» Task statement
Filter the records below, keeping only lines with the string "raving".

- - - - -

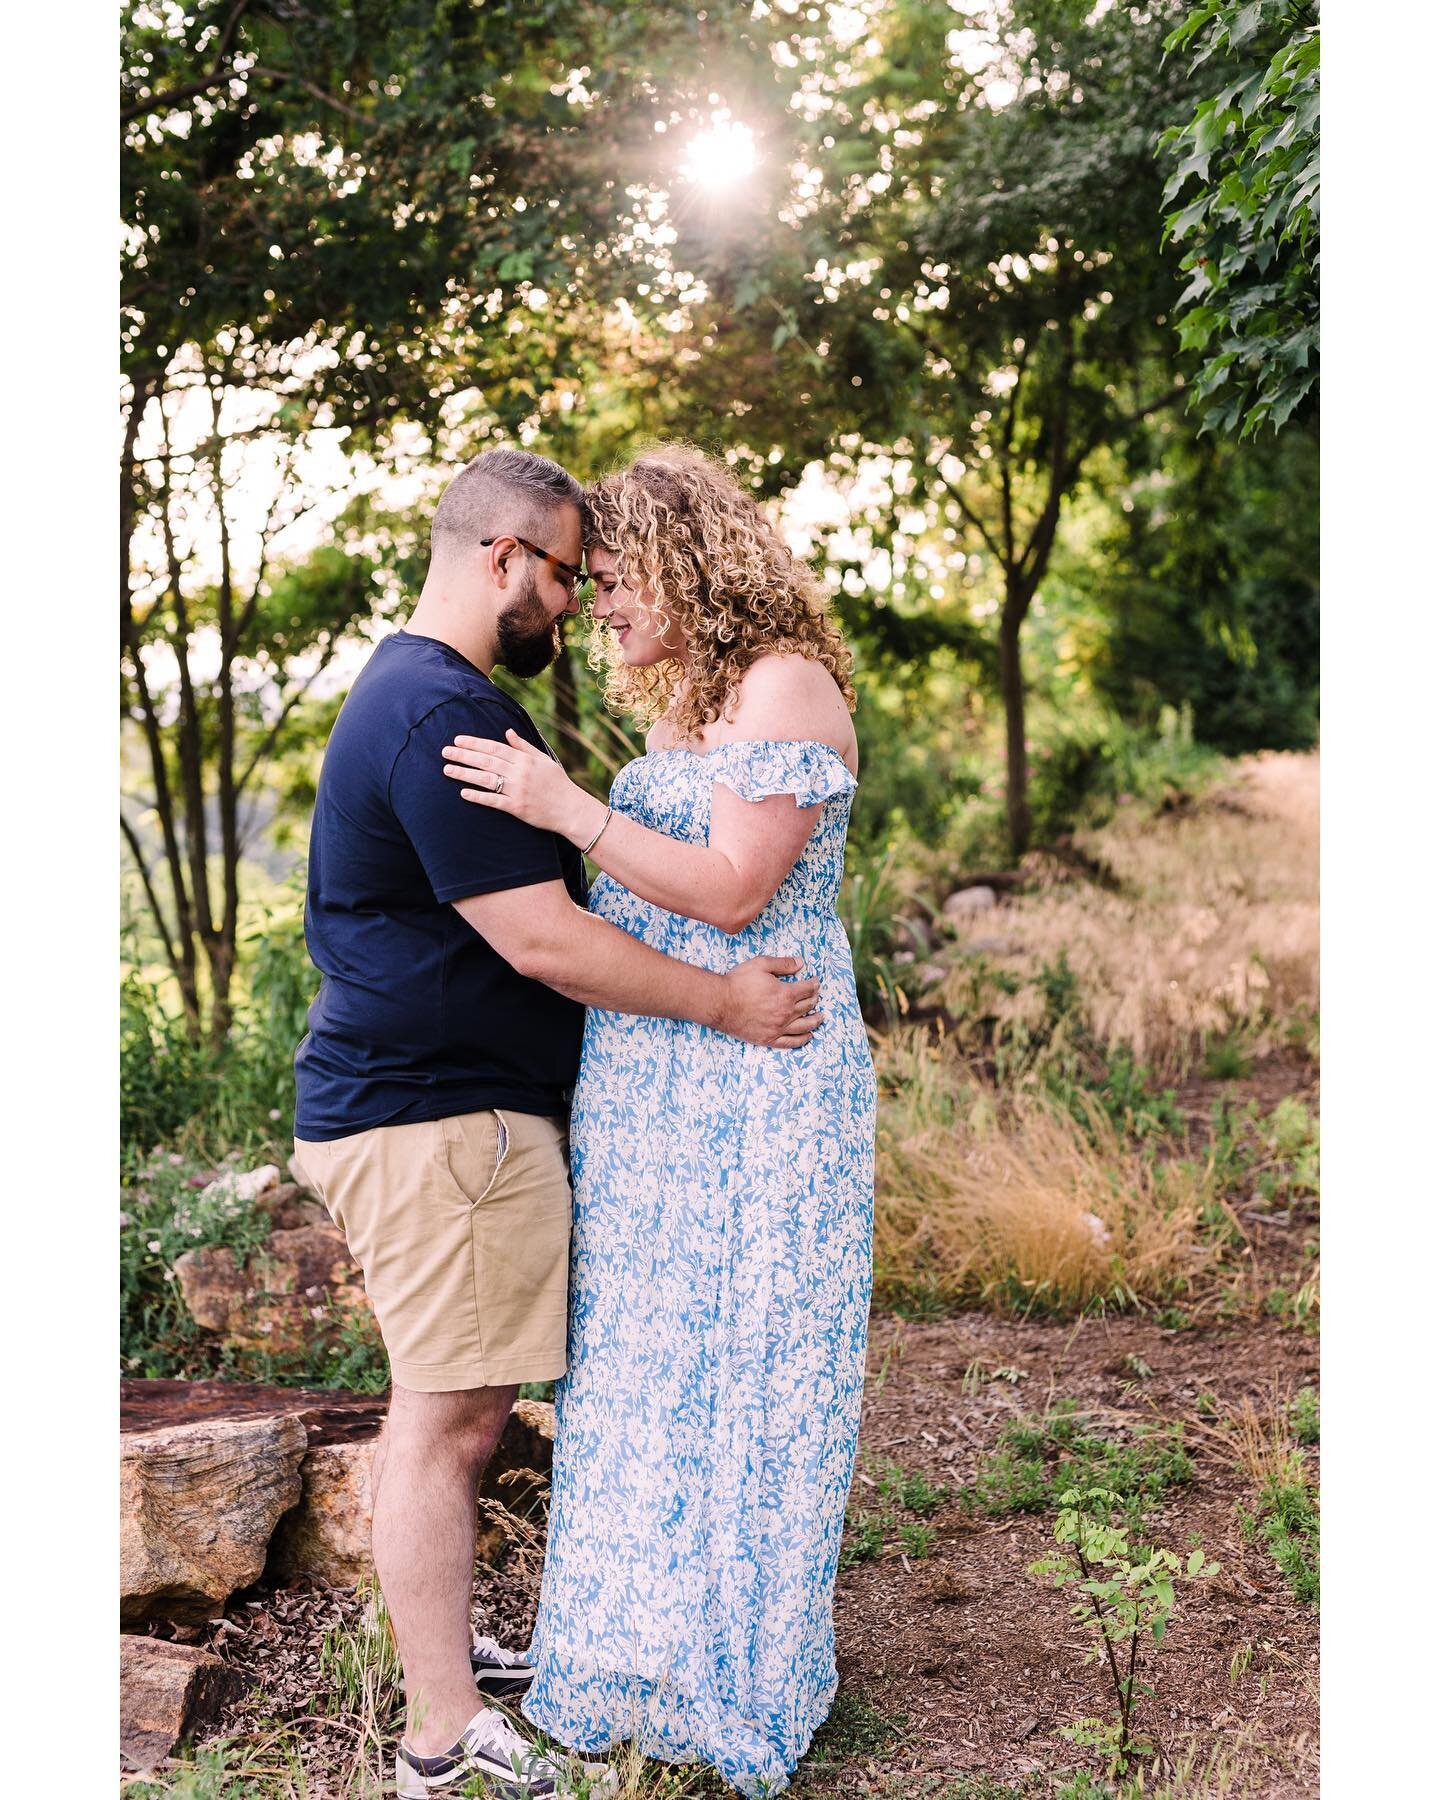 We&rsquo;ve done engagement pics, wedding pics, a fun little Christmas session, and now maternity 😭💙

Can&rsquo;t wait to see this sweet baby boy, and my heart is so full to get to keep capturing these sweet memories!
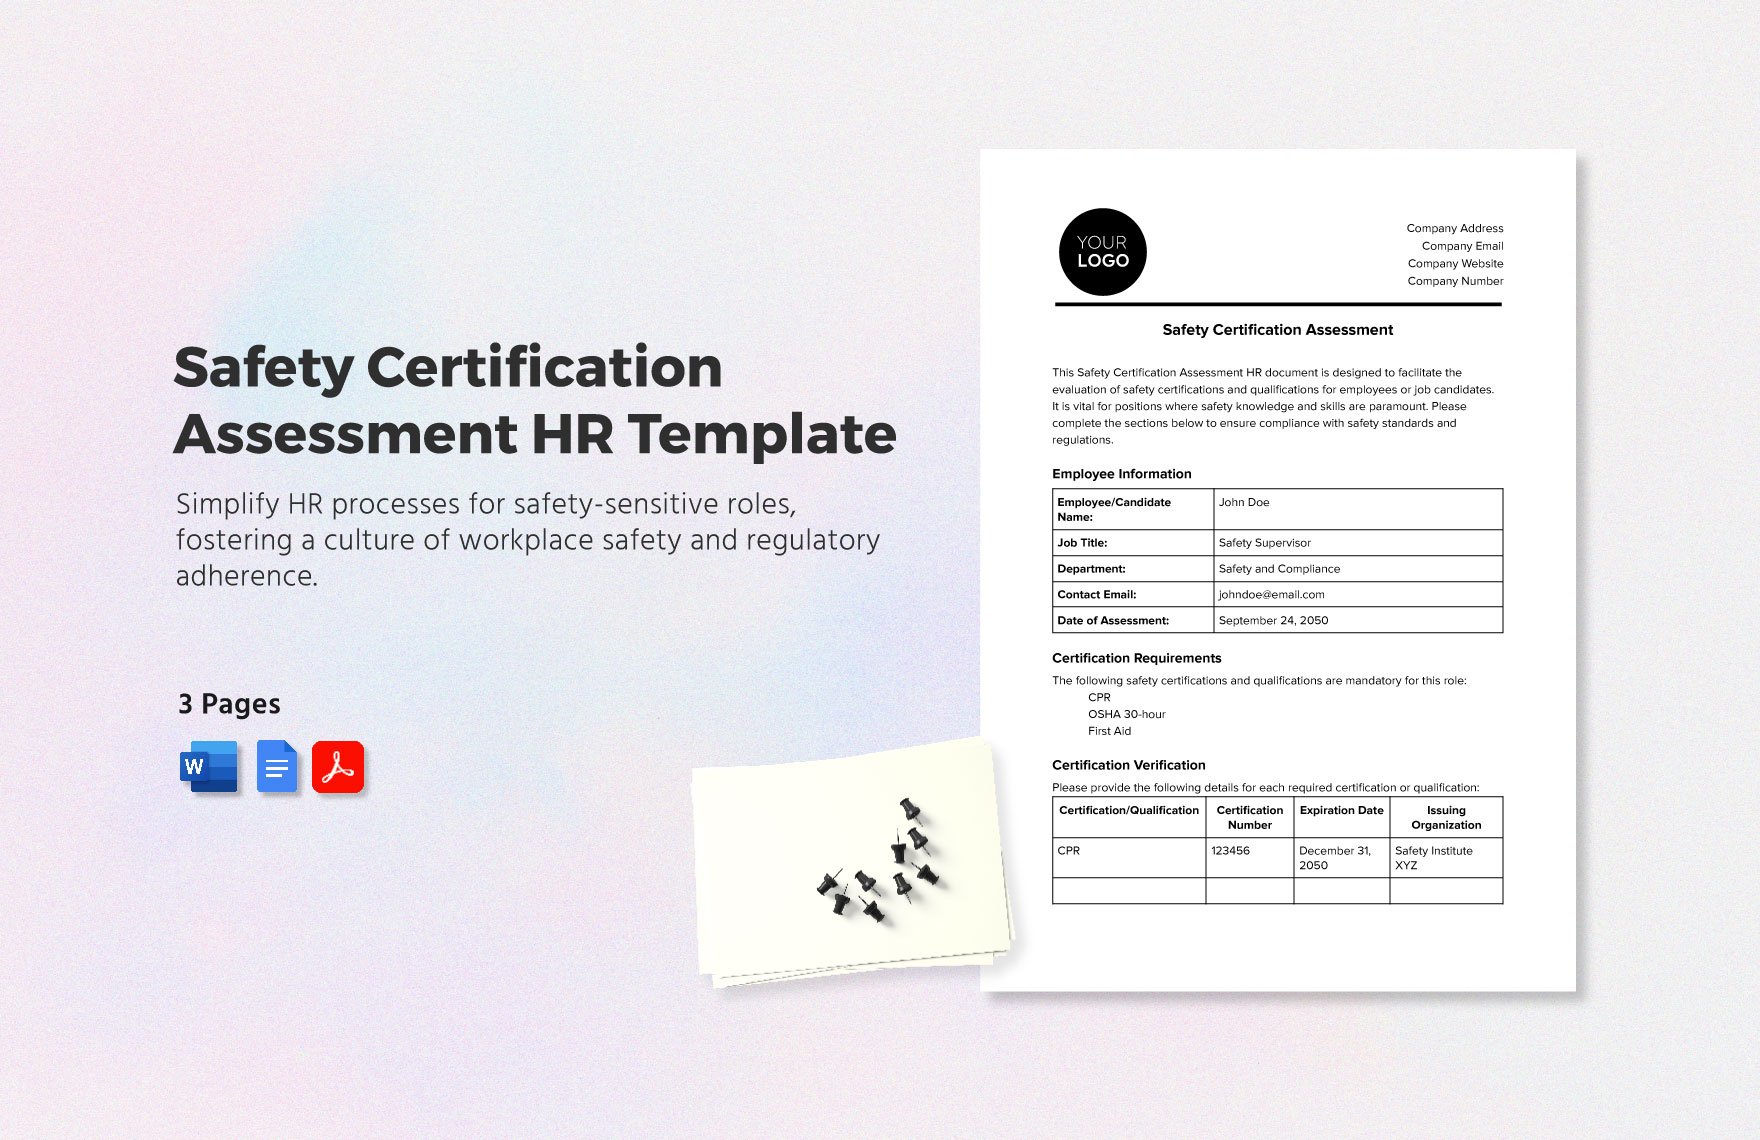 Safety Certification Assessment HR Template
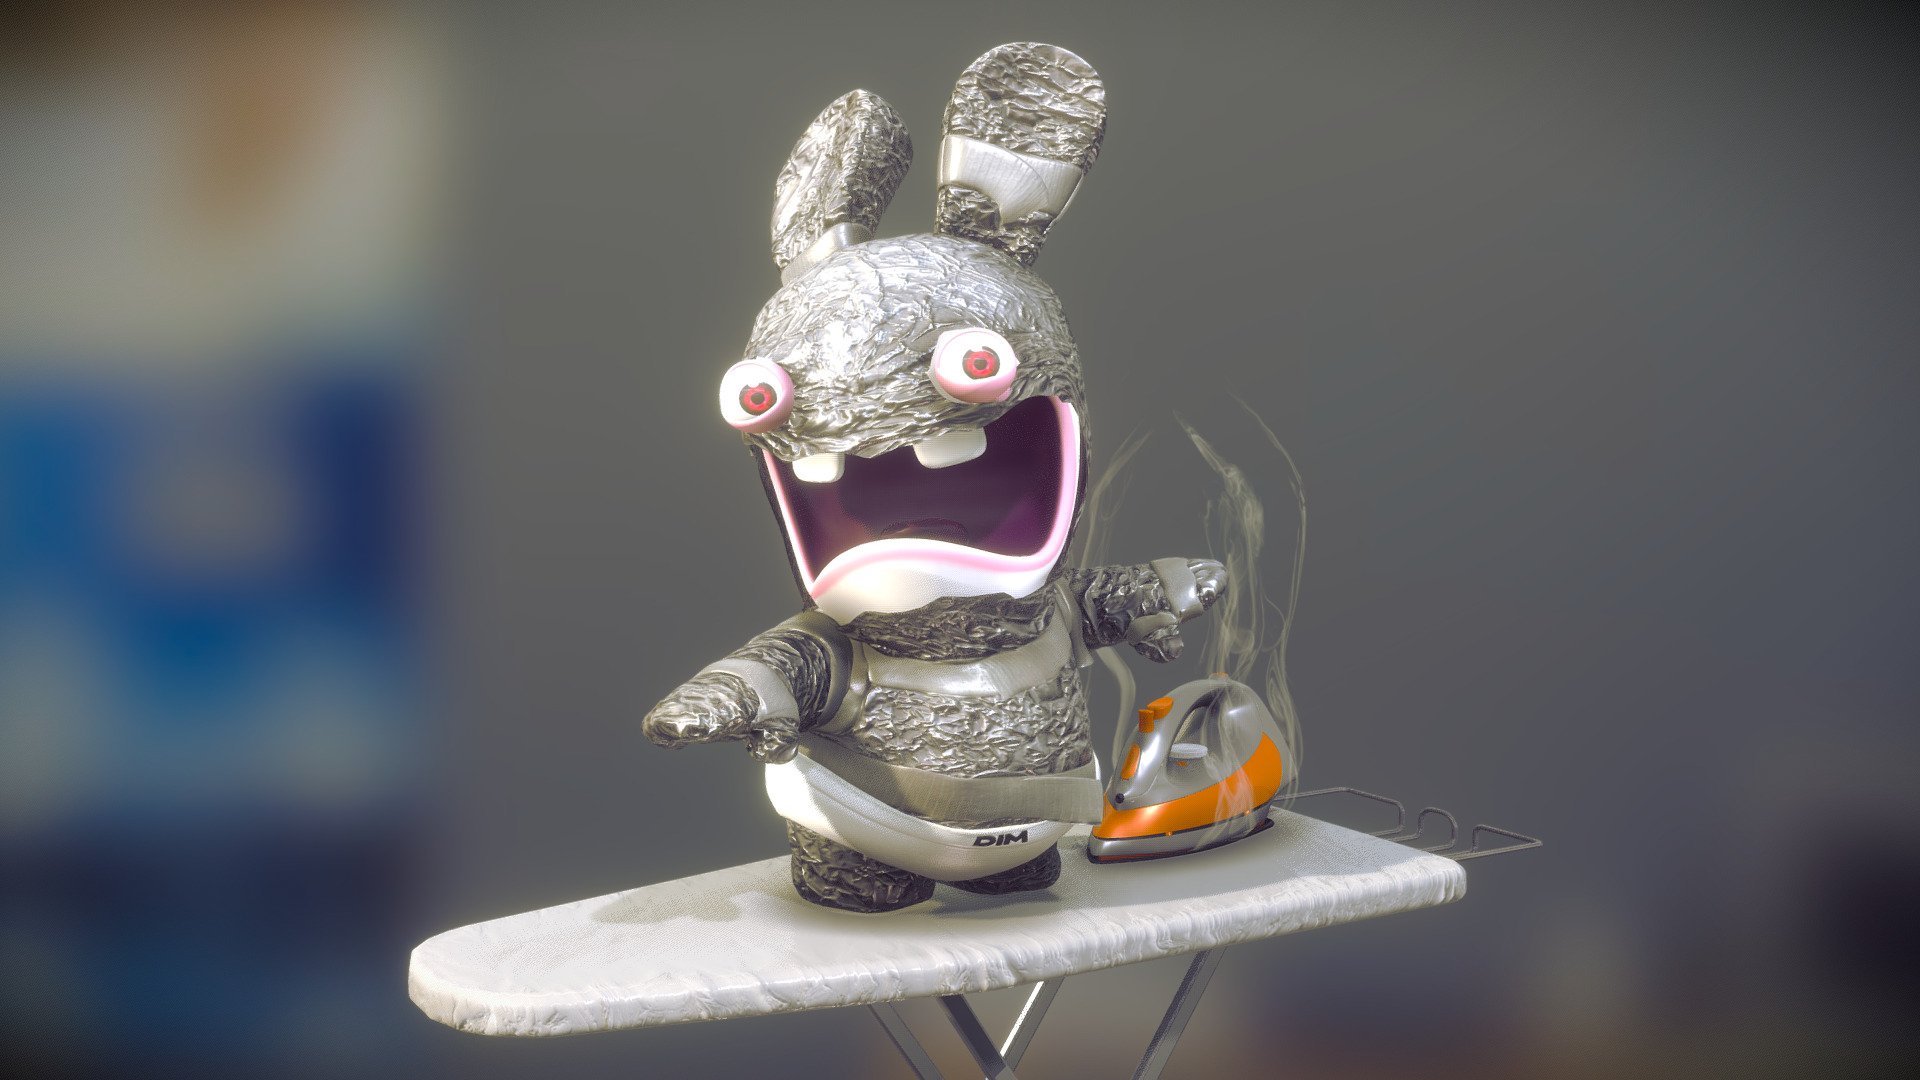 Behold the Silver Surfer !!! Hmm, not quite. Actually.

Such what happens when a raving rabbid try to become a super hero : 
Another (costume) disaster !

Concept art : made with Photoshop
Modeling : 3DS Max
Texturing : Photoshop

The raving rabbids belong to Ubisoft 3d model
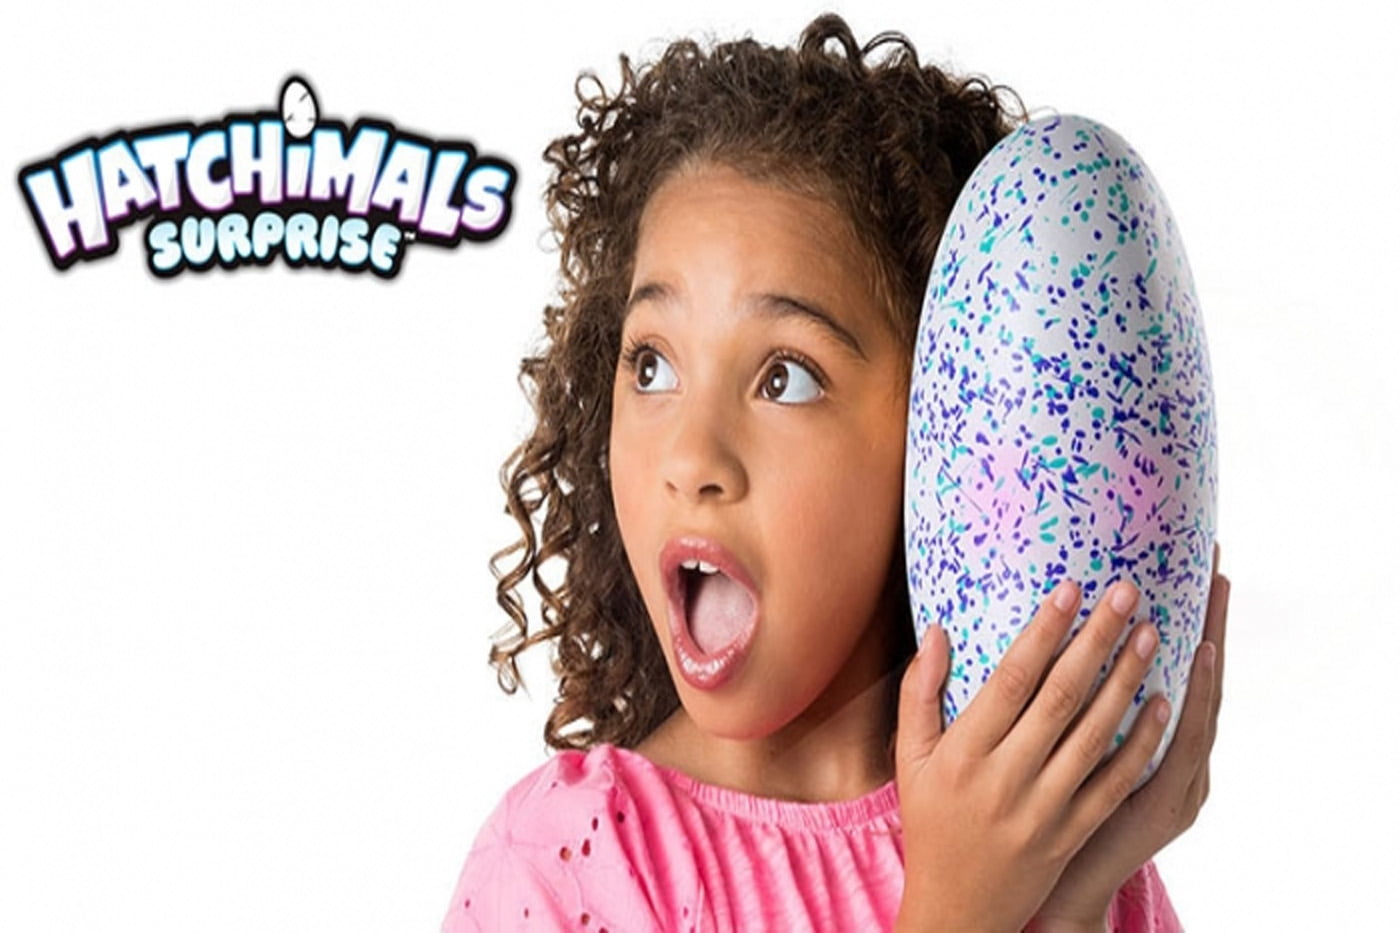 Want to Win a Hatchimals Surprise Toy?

- - - - -

» Result
Such what happens when a raving rabbid try to become a super hero : 
The raving rabbids belong to Ubisoft 3d model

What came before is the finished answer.